Friday, May 16, 2014

A Road Map for Population Genomics


In Monday's discussion of Andrew et al. (2013) Road Map for Molecular Ecology we criticized this vision of the future. In particular the sections on phylogeography, hybridization and speciation, don't grapple with the essential problem of how genome data are changing our questions and analyses.

Here are some recent papers that do just that.

  Ellegren (2012) "Genome sequencing and population genomics in non-model organisms" reviews methods for inference of historical demography (PSMC). This is a genome wide analogue of skyline plots, based on varying time to coalescence of different genome segments. It was developed for a single diploid genome (you need some heterozygosity to estimate coalescence time) and has now been extended to multiple individuals. It should be better resolved than one-to-few-gene skyline plots, especially in detecting the signal of multiple expansion-contractions but not necessarily for recent events (which depend on sample size).
Sousa & Hey (2013)  "Understanding the origin of species with genome-scale data: modelling gene flow" go straight to the heart of the matter. Much of the potential power of population genomics comes from recombination. The coalescent genealogical sampling methods that we currently use (BEAST, IMa...) are computationally intensive and can't handle recombination. Recent population genomic studies use summary statistics like Fst and D (single-SNP 4-taxon gene trees). These throw out most information in the data and can't distinguish among processes that may have caused observed patterns. Current methods are simply unable to simultaneously consider implications of many gene-genealogies with varying degrees of linkage but there are some promising approaches that involve computational shortcuts (ABC, PAC) and Hidden Markov Model (HMM) methods that allow changing genealogies along the genome.

Both of these reviews have something to say about detecting selection and the genes underlying phenotypic differences in wild populations - including GWAS, which was not mentioned in Andrews et al. (2013).

Apart from the emerging methods reviewed above I think our road map needs to consider genome-wide inference of admixture. This year there have been some great new resources and approaches to studying individual origins and population histories using admixture. One of these is the Genetic Atlas of Human Admixture History (Hellenthal et al. 2014), with this wonderful web playground. Just a few weeks ago Elhaik et al. (2014..aka The Genographic Consortium) published the "Geographic Population Structure" algorithm (GPS...haha) which uses admixture analysis of Ancenstral Informative Markers (AIMs) to infer the biogeographic origins of populations. Using 100 000 SNPs they were able to assign human individuals to geographic regions with astounding accuracy, to within 50km and often to the right village for some European populations (Sardinia, which is old and structured).

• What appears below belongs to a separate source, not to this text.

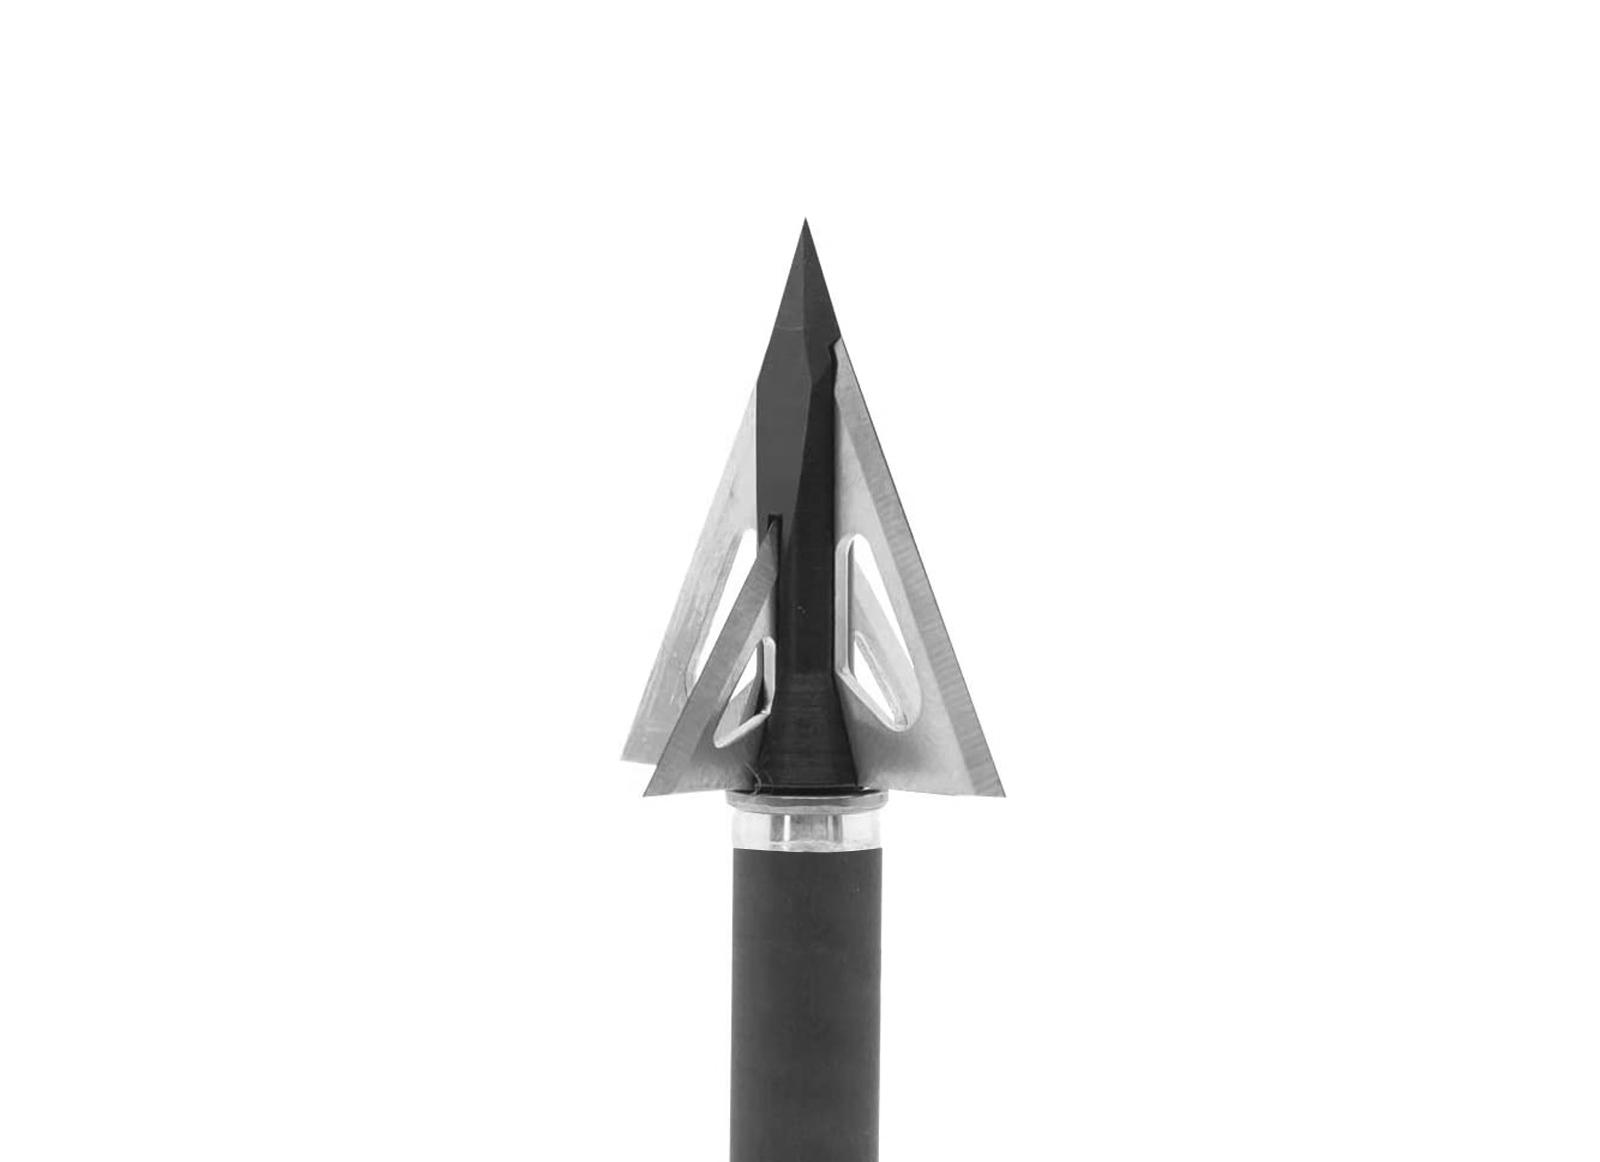 SLICK TRICK PUNTE DA CACCIA VIPERTRICK 1-1/16'' CONFEZIONE DA 4 PZ

This is far better than what is achieved from previous methods such as PCA.

On the other end of the population structure spectrum, we need to know about the new Bayesian assignment methods for species delimitation (BPP), which may be particularly applicable to bar-coding studies. As a parting shot I might add that DNA based trophic ecology (i.e.  CSI - POO) is at best a scenic byway off the freeway of ecological metagenomics; with the as yet unfulfilled promise of detecting rare species, measuring abundance and analysing whole species communities from non-invasive environmental samples. These curious absences in Andrew et al. (2013) are partly because the review aims at concepts not methods. Given that our (potential) ability to generate data is way ahead of theory we need more specific consideration of analyses. 

The Harrison et al. (2014) review of evolutionary potential, which we didn't discuss, is an interesting essay on how we might use experimental analyses of fitness in model organisms to derive measures of adaptive and non-adaptive variation in the wild (giving evolutionary significance to ESUs). Unfortunately the only two organisms cited in their consideration of wild populations are Arabidopsis and Drosophila - I guess we are not quite there yet.

PSMC - Pairwise Sequential Markovian Models
HMM - Hidden Markov Models
Admixture
AIMs - ancestry informative markers
GPS - population structure
BPP - species assignment
Ecological Metagenomics
GWAS on non-model species

That's a long list of emerging techniques to leave off your road map of the future.